AIM OF THE EXERCISE:
Line by line, output everything from the one that contains "Mastercard hace alianza" through the end of the material below, exactly as written and with no pictures.

DATA BELOW:
....................

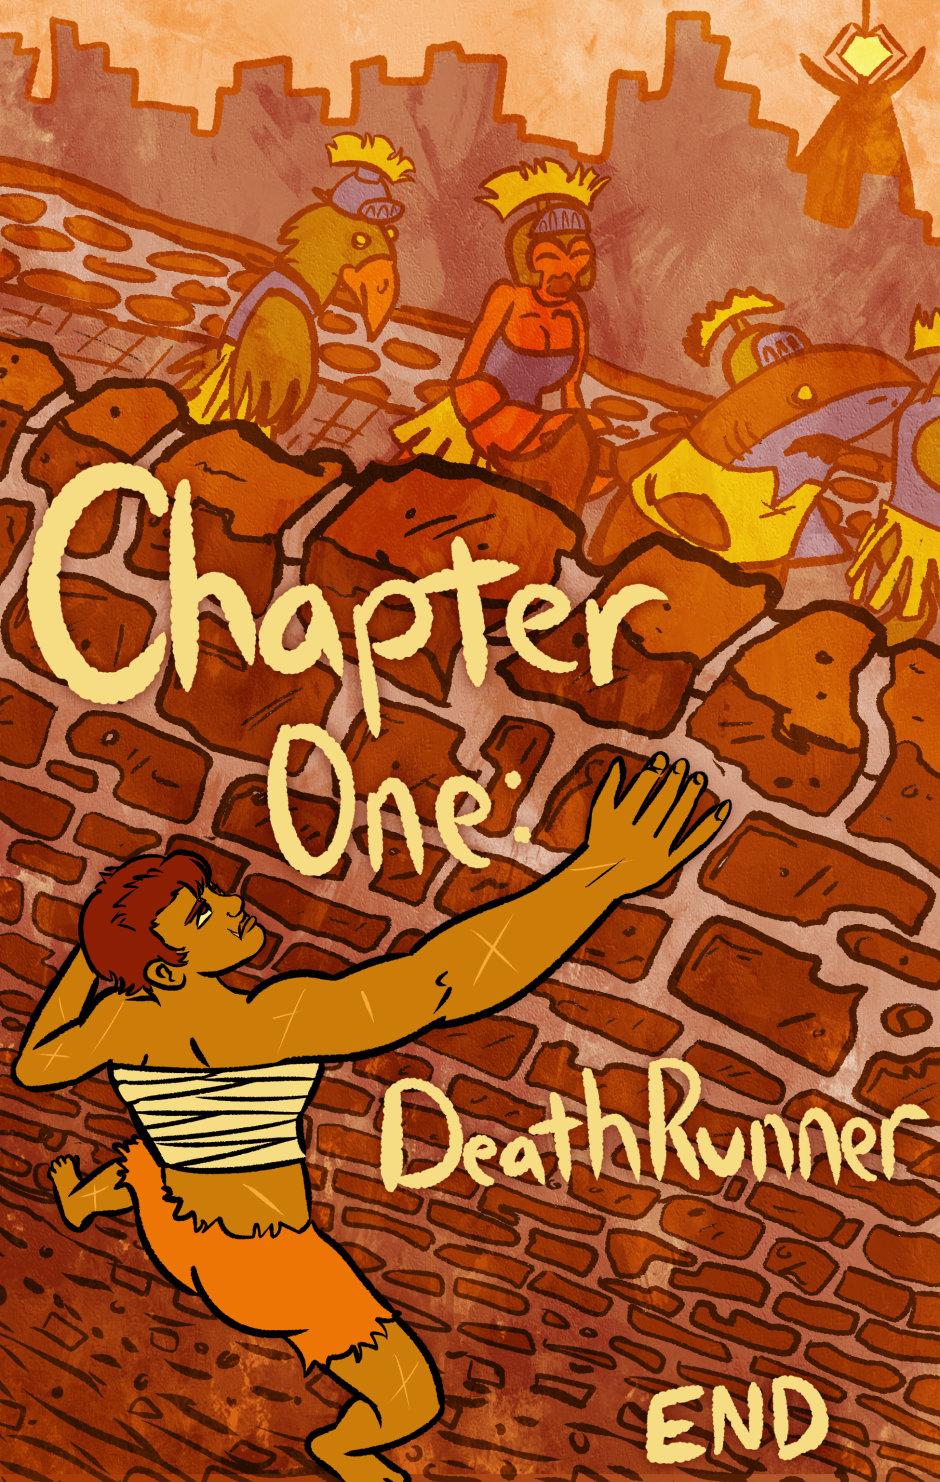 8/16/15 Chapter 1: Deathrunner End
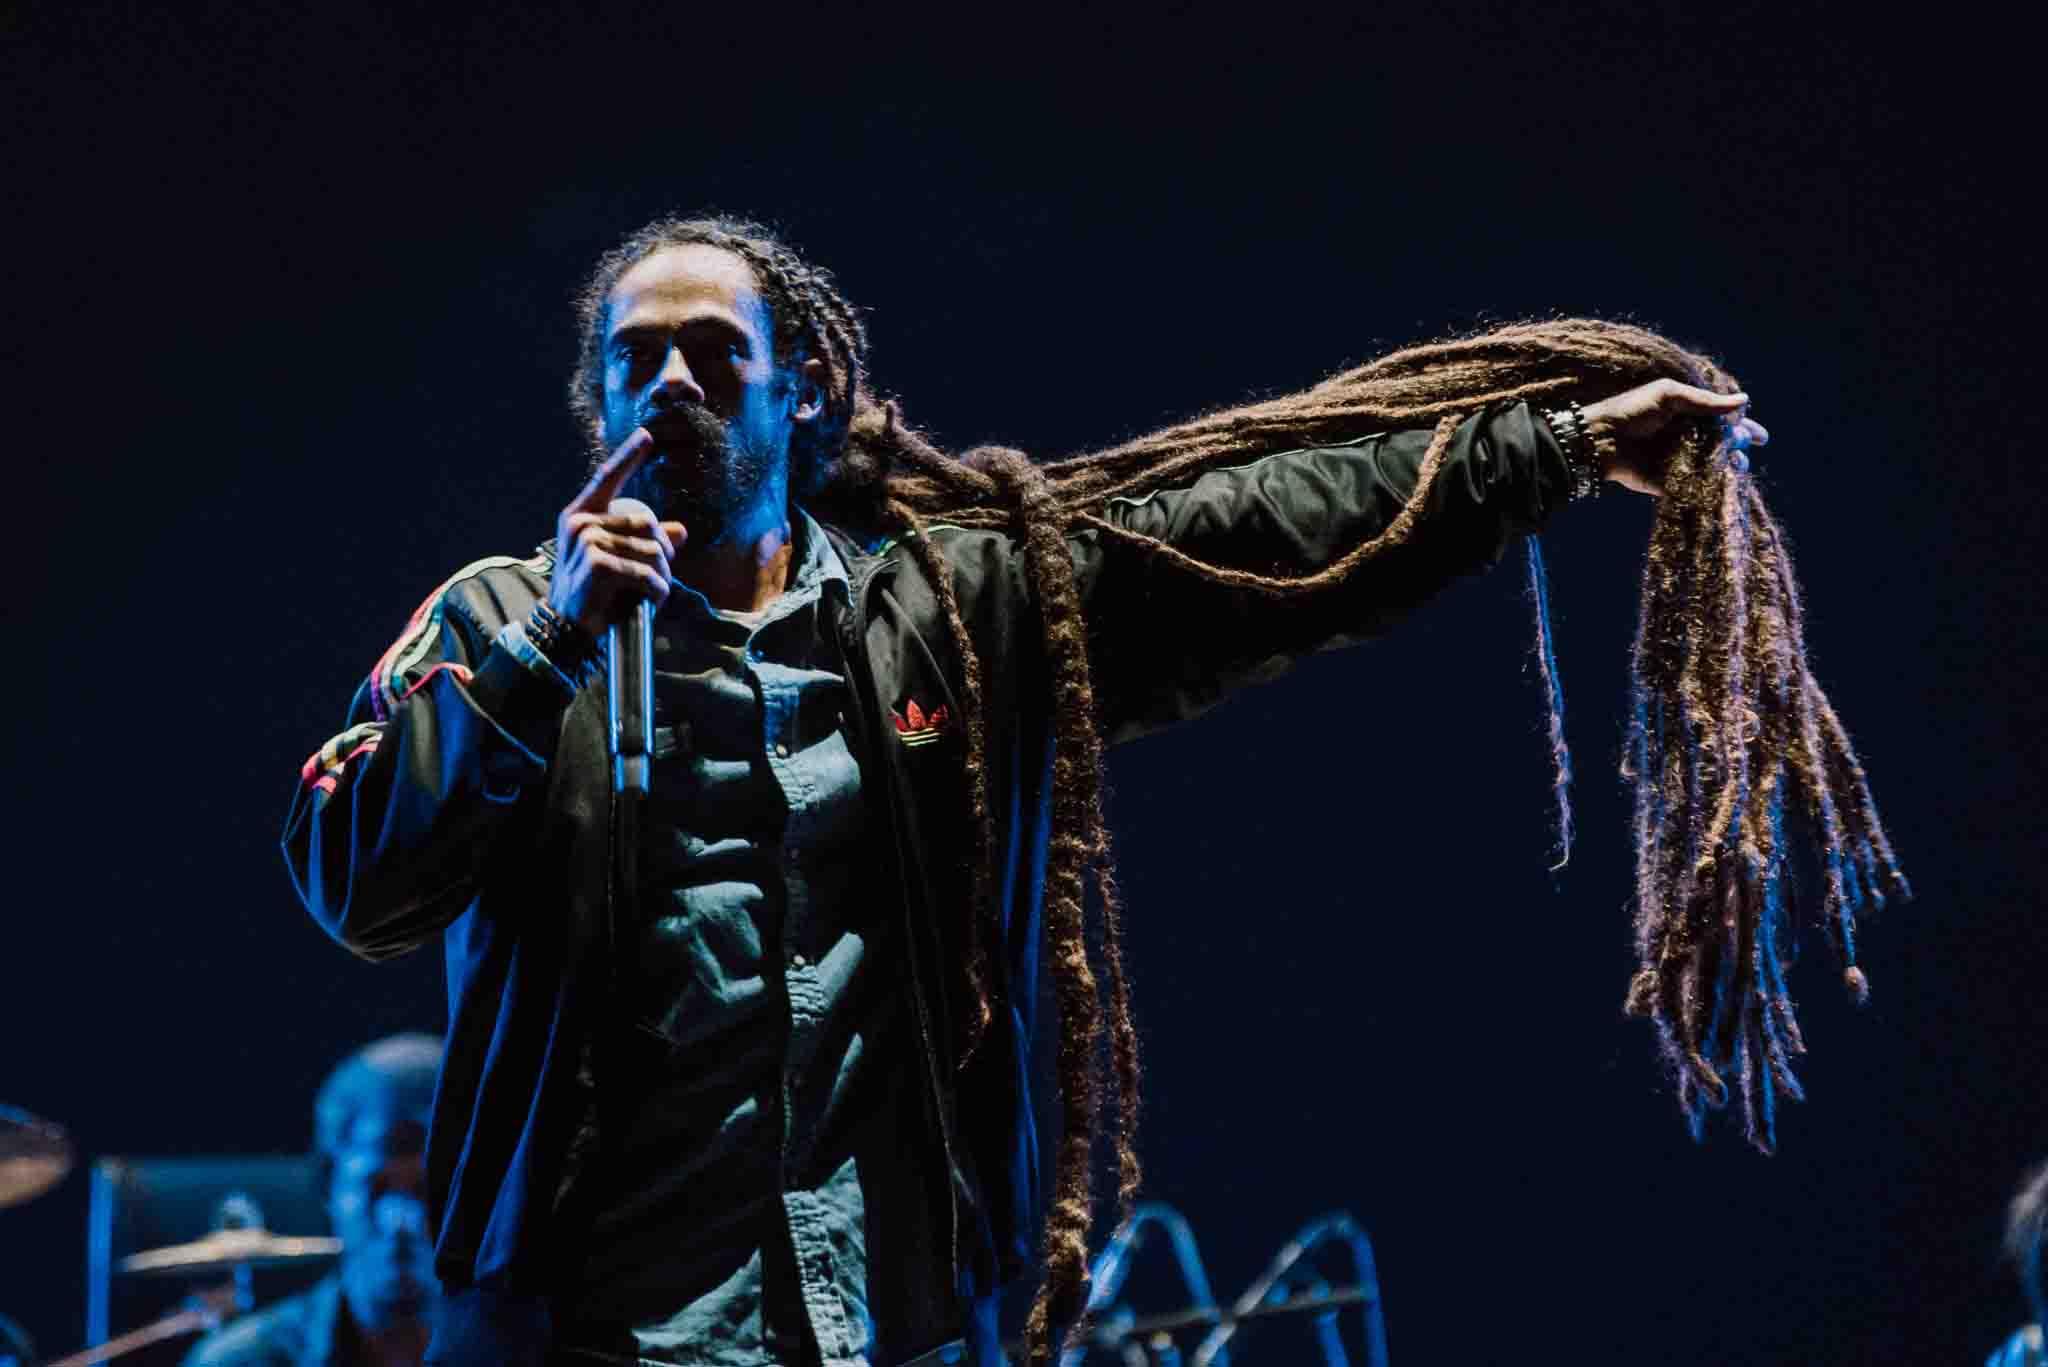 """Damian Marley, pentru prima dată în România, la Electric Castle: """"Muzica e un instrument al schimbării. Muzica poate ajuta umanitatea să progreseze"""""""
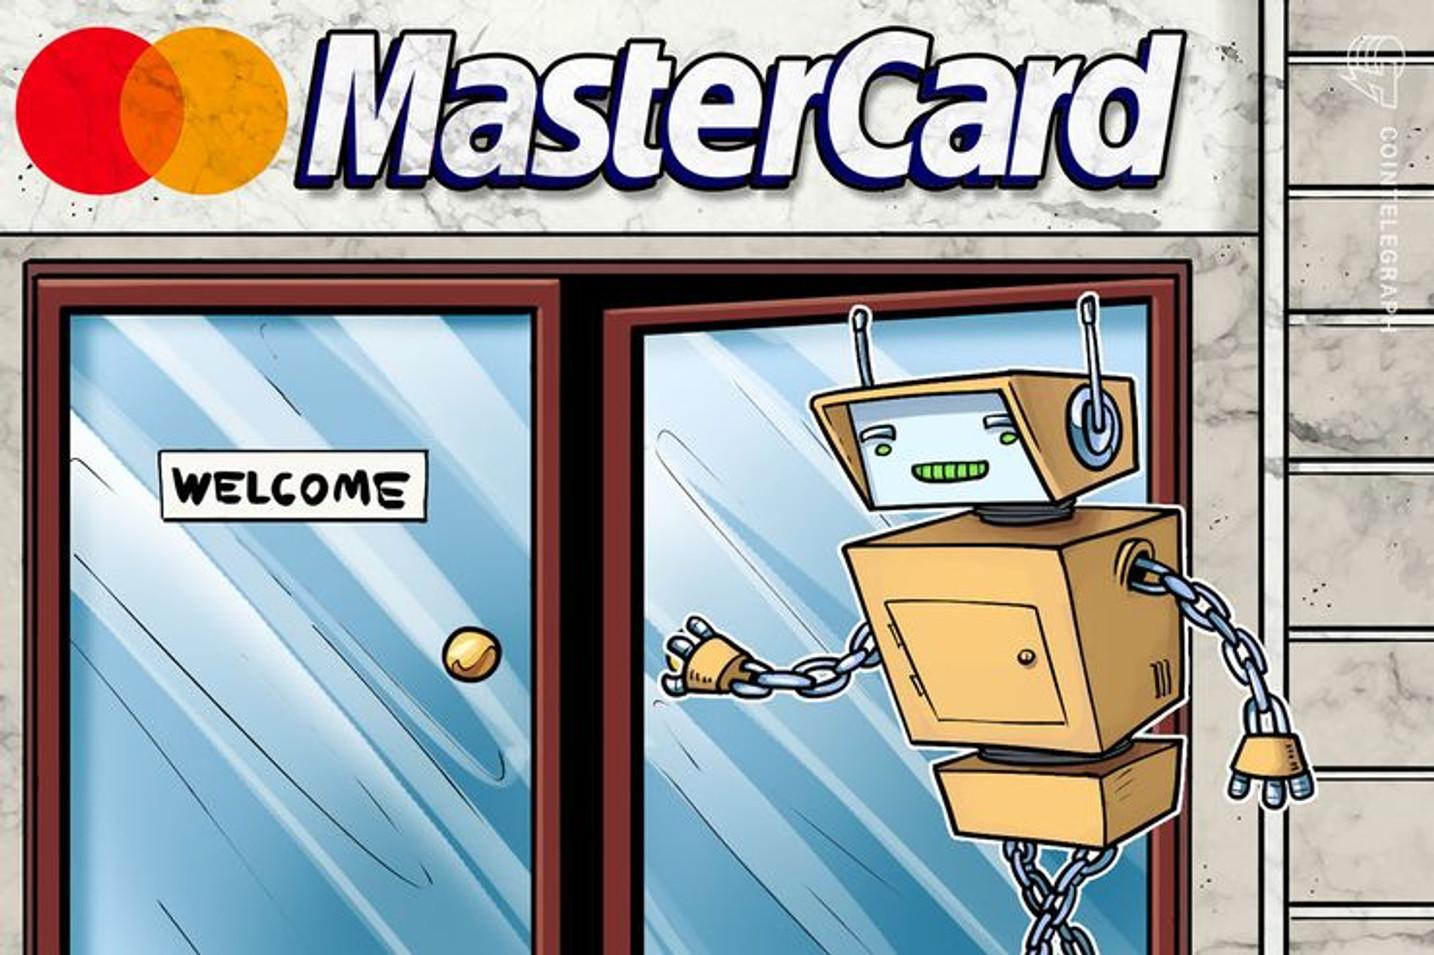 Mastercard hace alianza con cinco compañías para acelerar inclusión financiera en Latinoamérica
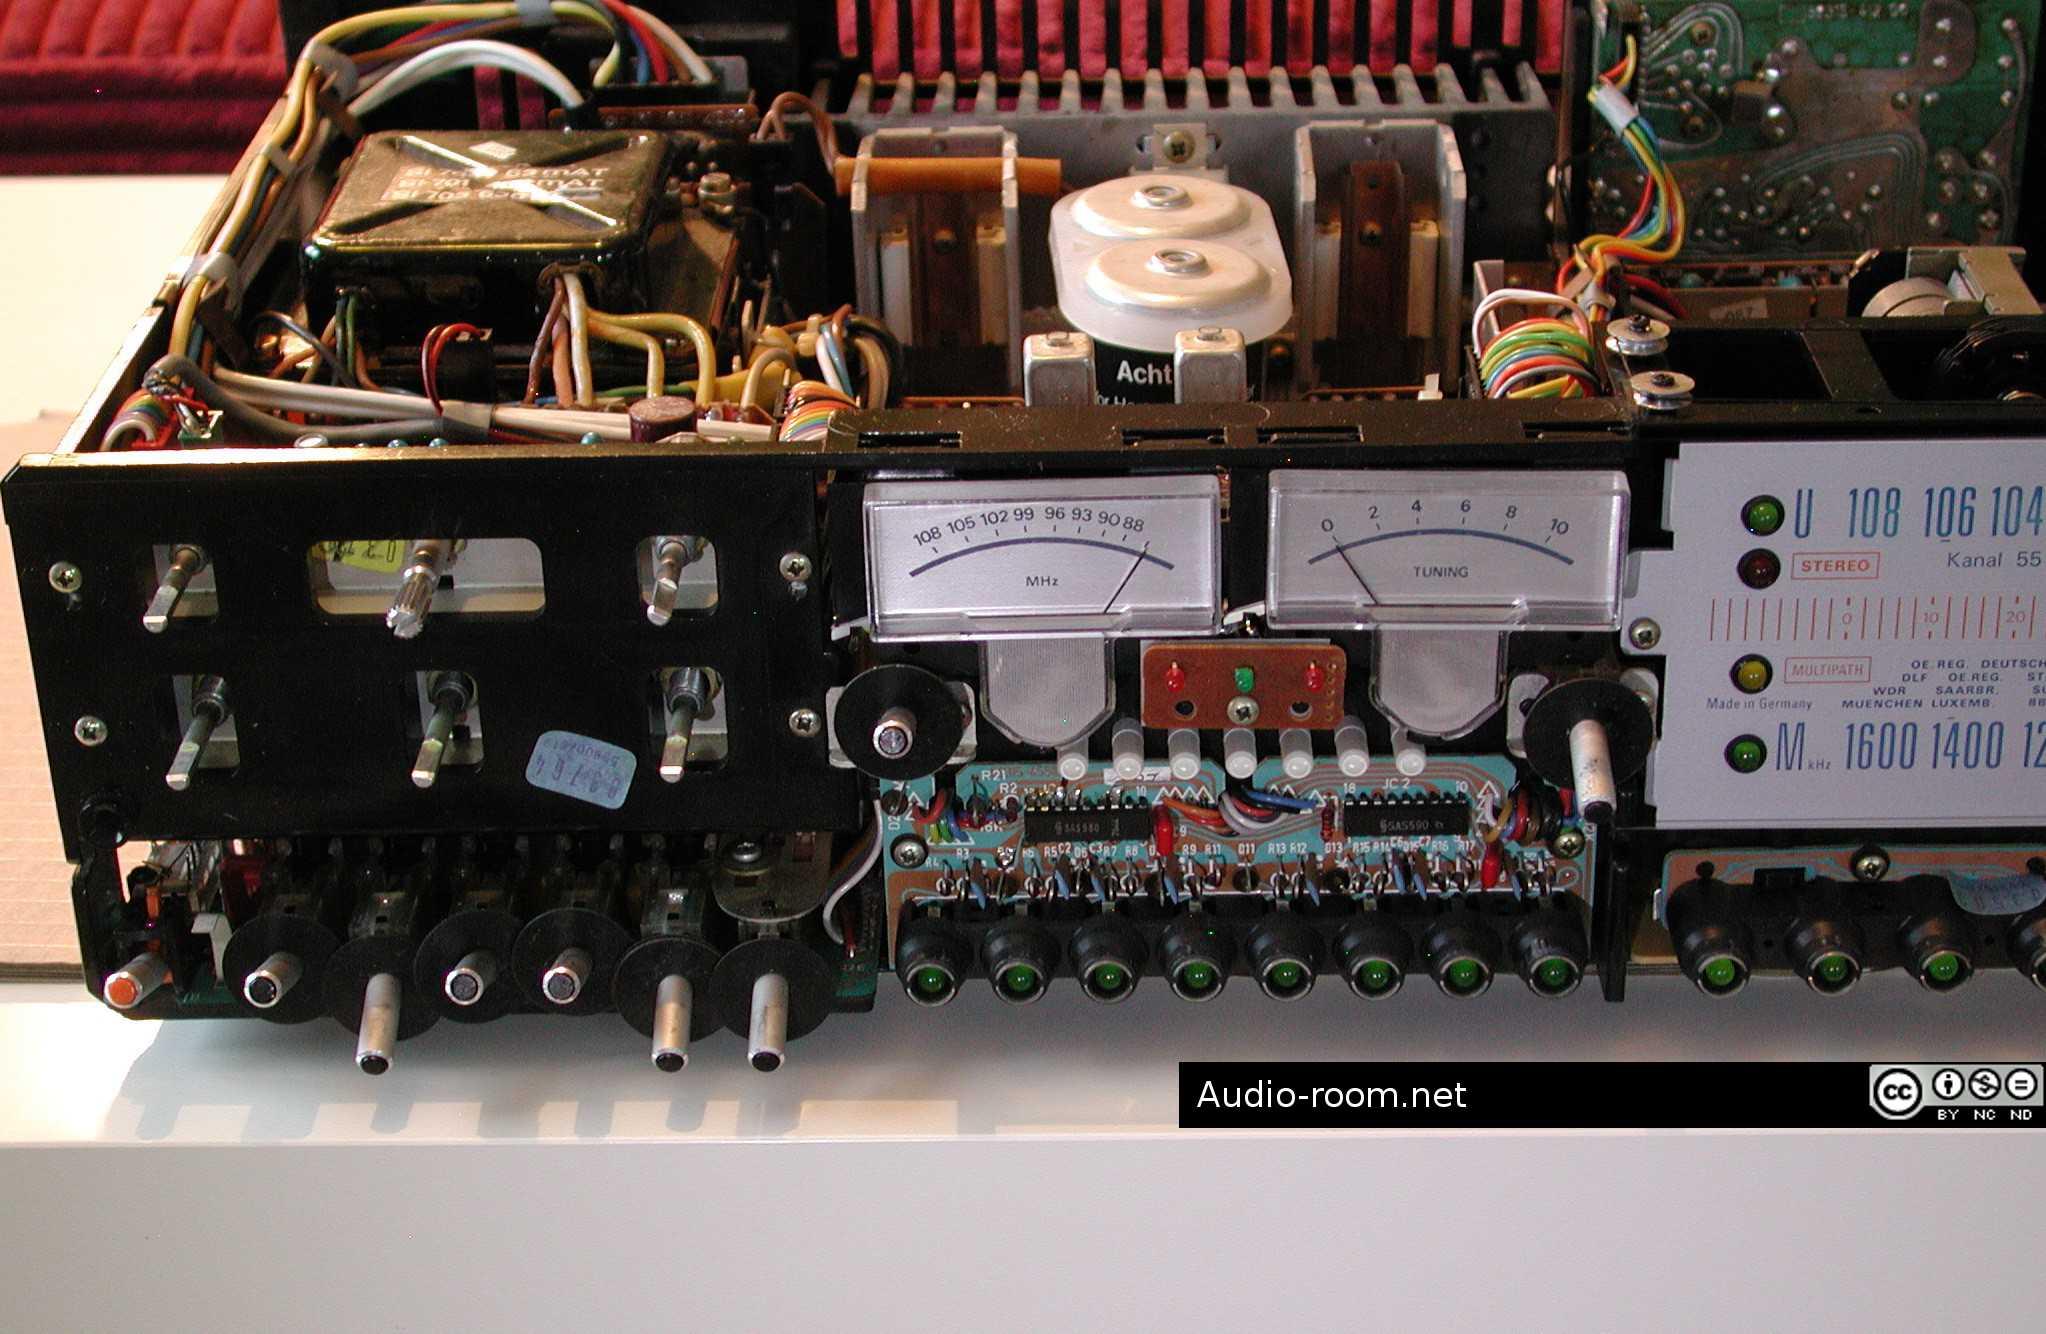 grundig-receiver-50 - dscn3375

....................

TASK SOLUTION:
 Mastercard hace alianza con cinco compañías para acelerar inclusión financiera en Latinoamérica
 grundig-receiver-50 - dscn3375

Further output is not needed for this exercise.